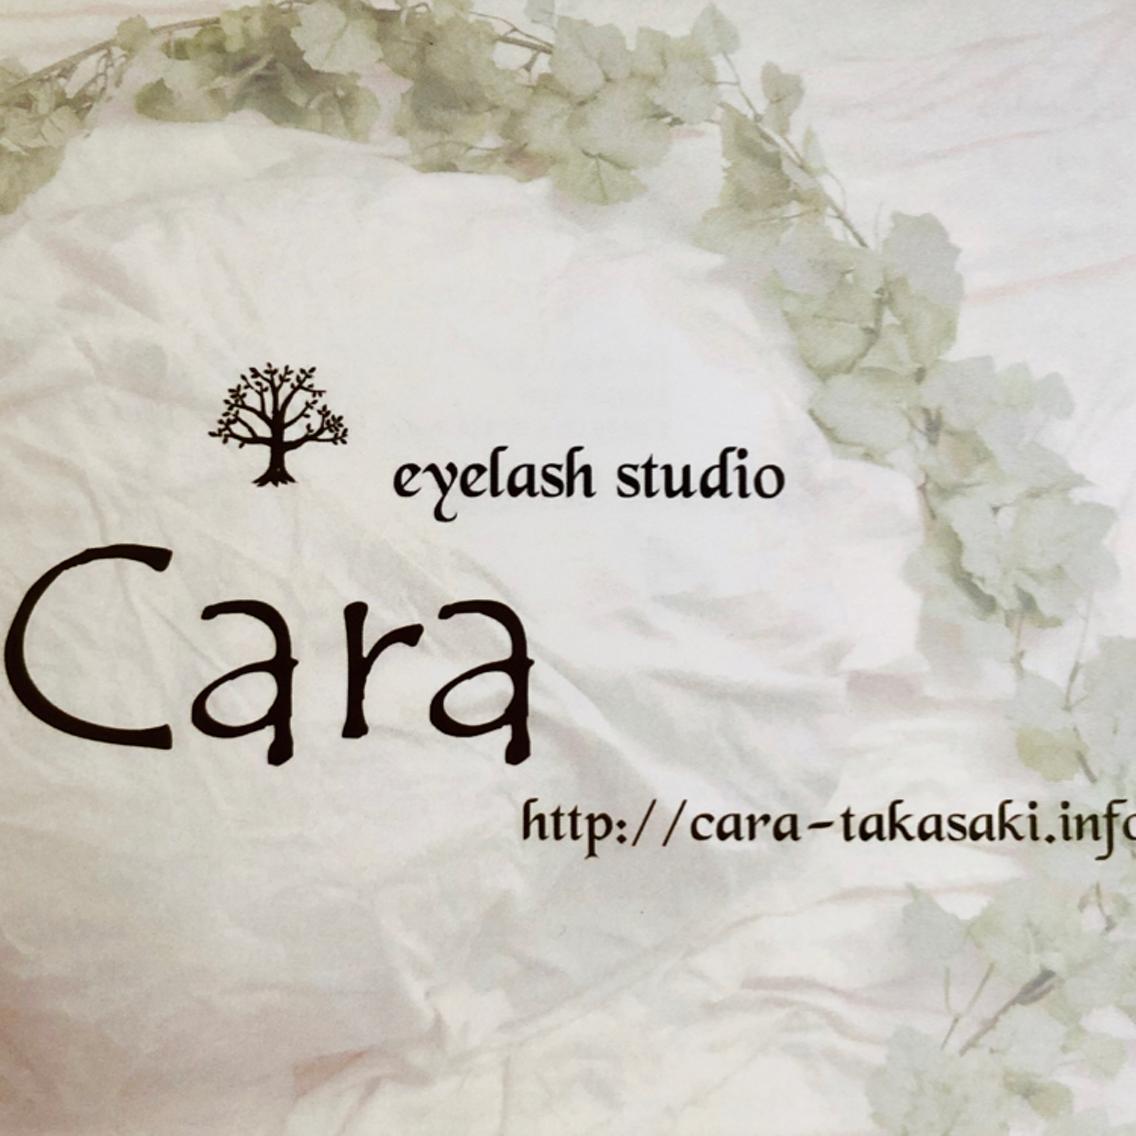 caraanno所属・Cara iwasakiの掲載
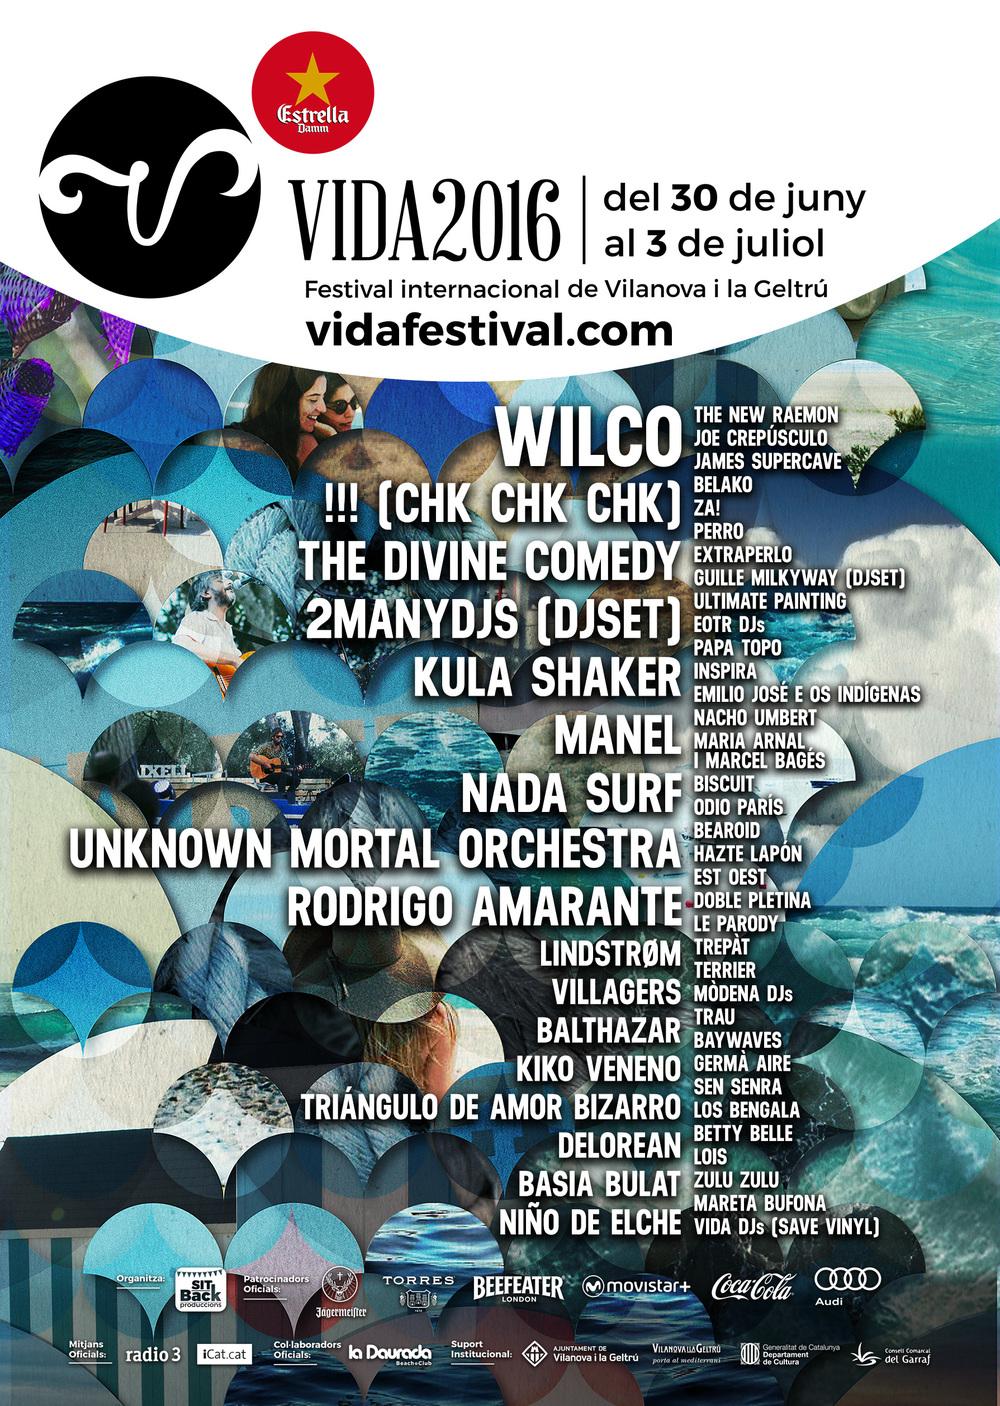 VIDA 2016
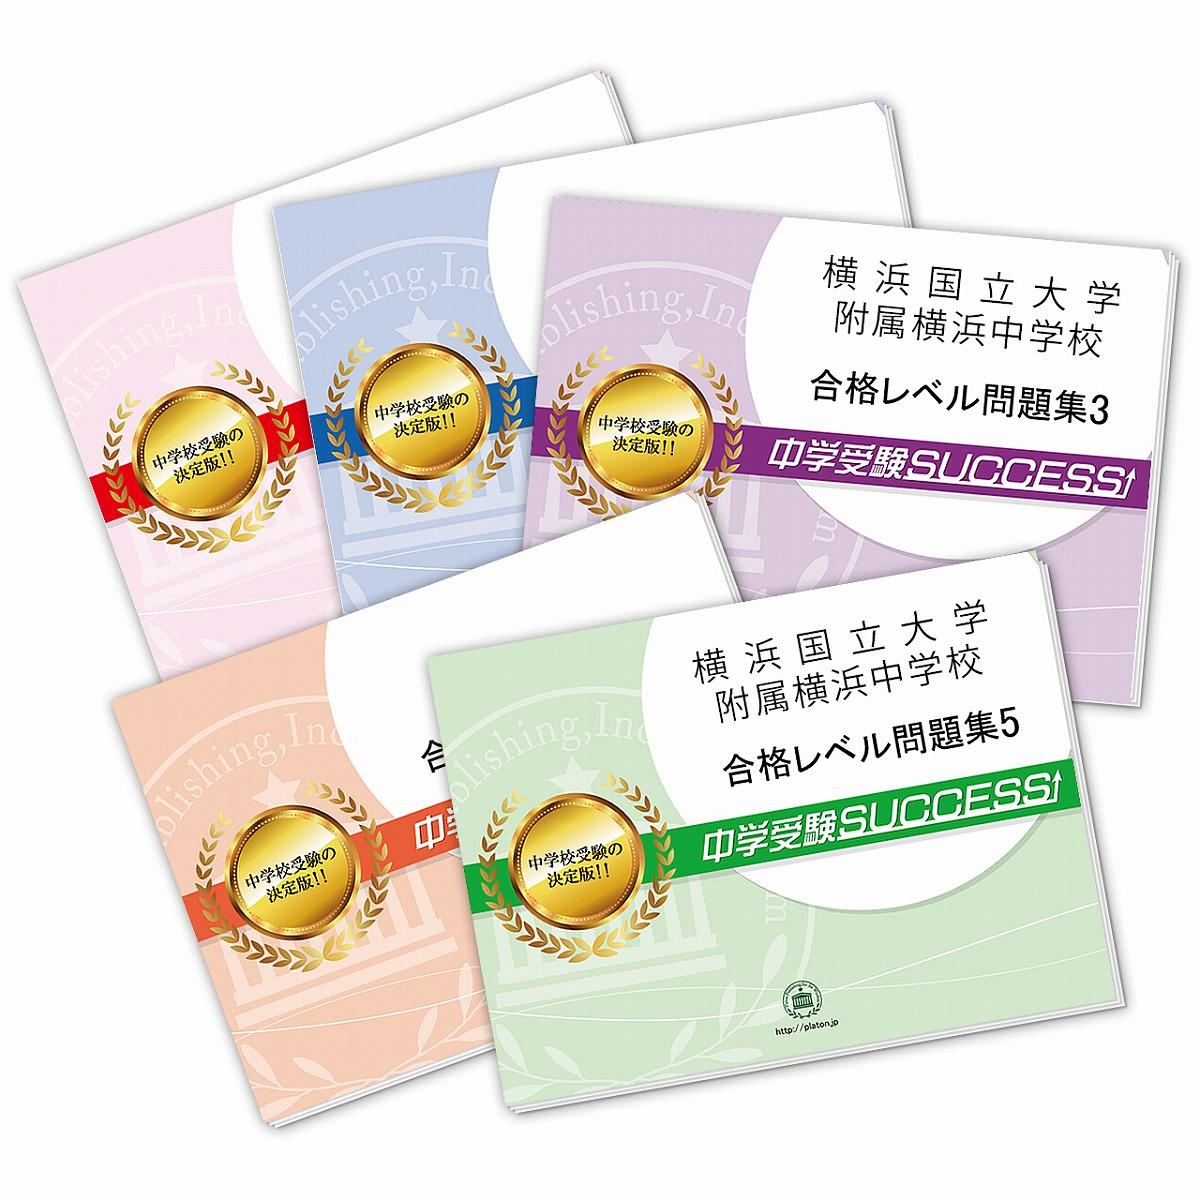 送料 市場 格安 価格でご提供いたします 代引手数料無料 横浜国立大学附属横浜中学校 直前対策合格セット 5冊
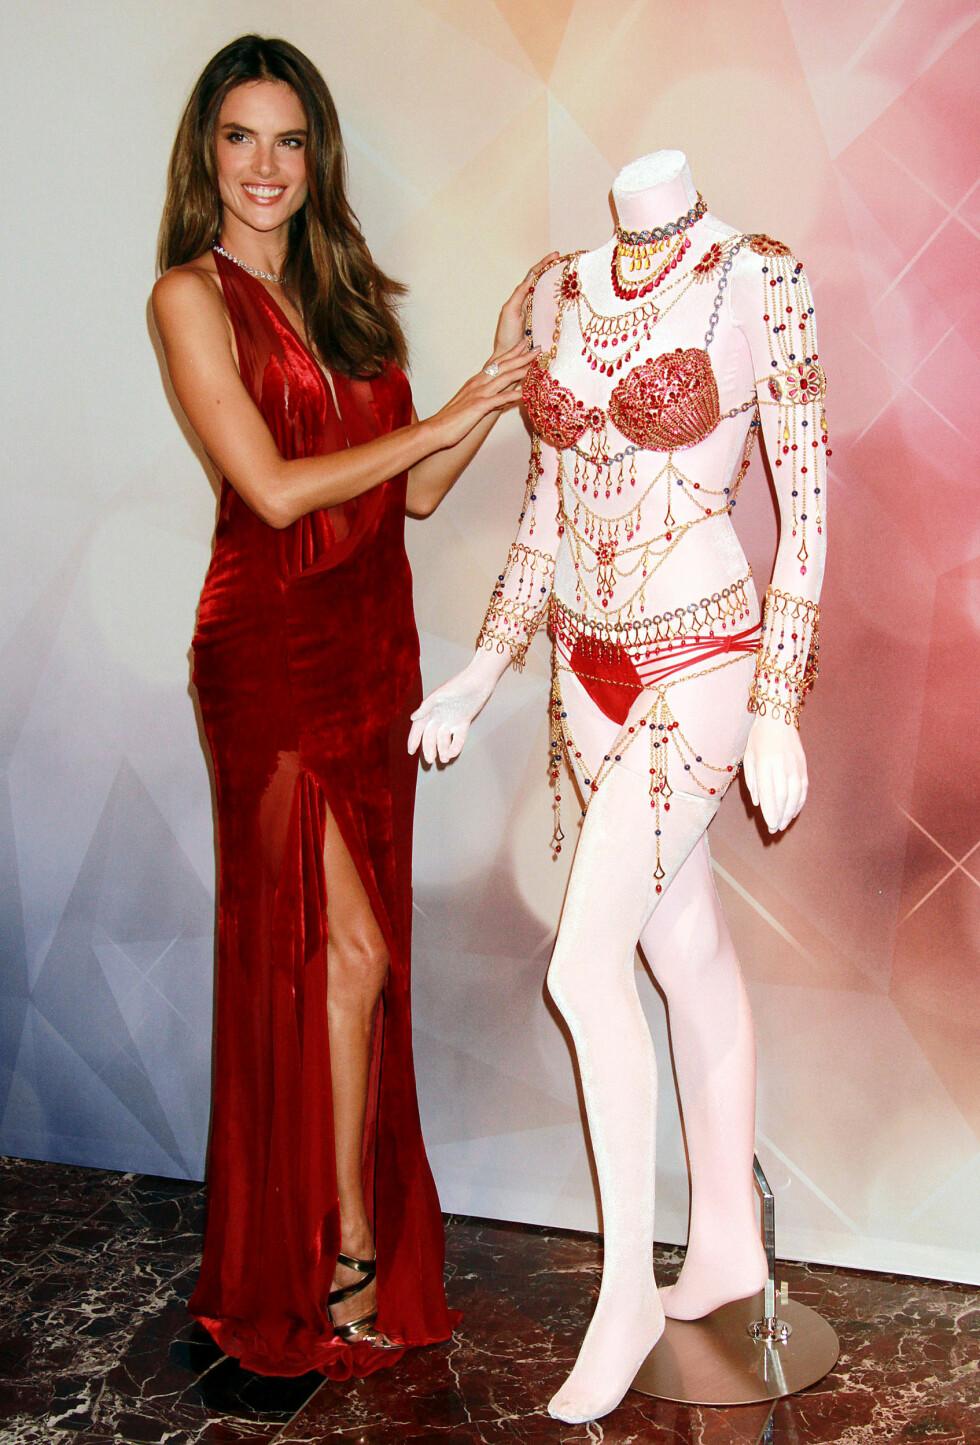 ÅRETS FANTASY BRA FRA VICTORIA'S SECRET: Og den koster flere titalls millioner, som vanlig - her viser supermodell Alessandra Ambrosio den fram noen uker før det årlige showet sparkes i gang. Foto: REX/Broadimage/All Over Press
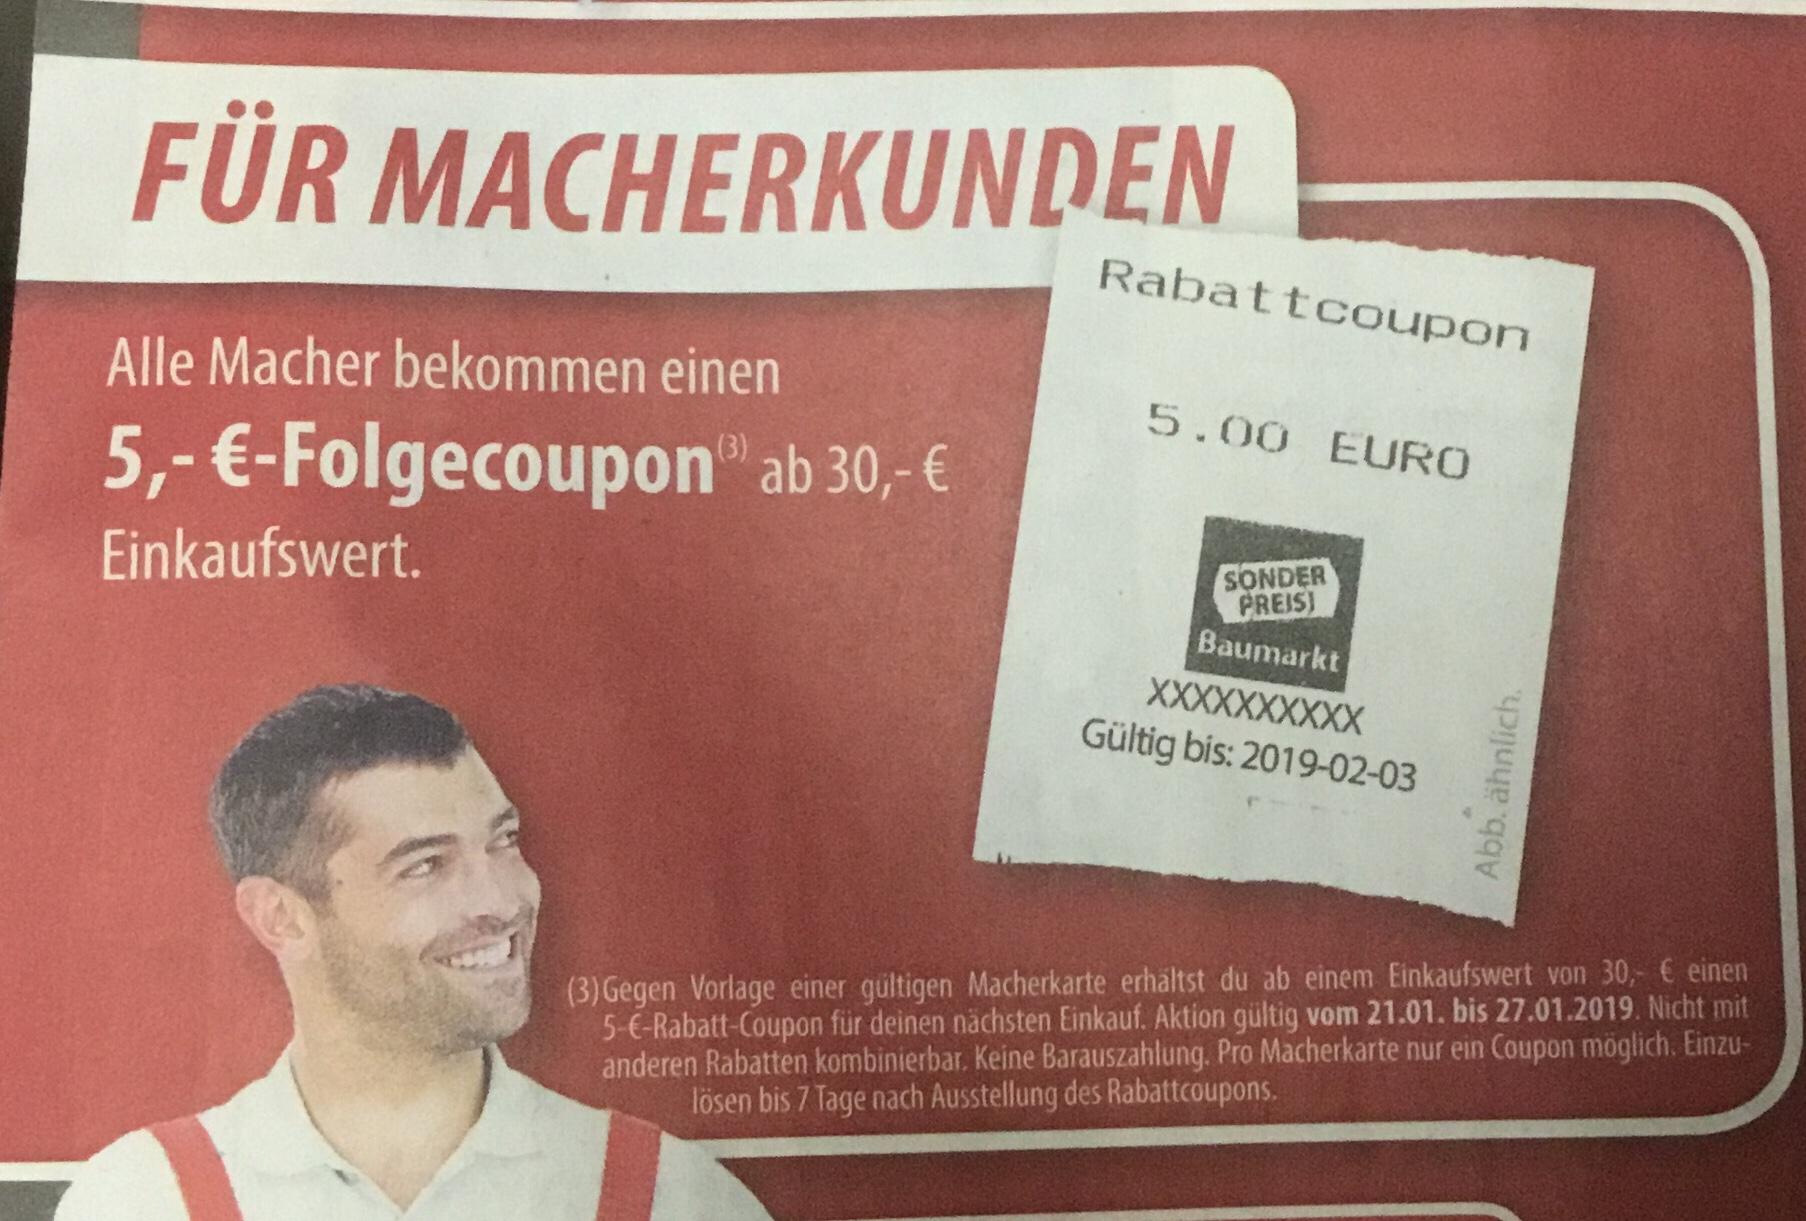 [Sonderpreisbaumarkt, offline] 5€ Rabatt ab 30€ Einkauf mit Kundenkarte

**Exercise prompt:** Pictures stay out; retype only the lines from the line containing "ÅRETS FANTASY BRA" through the end of the listing, inclusive, exactly as they appear.

**Result for this exercise:**
 ÅRETS FANTASY BRA FRA VICTORIA'S SECRET: Og den koster flere titalls millioner, som vanlig - her viser supermodell Alessandra Ambrosio den fram noen uker før det årlige showet sparkes i gang. Foto: REX/Broadimage/All Over Press
 [Sonderpreisbaumarkt, offline] 5€ Rabatt ab 30€ Einkauf mit Kundenkarte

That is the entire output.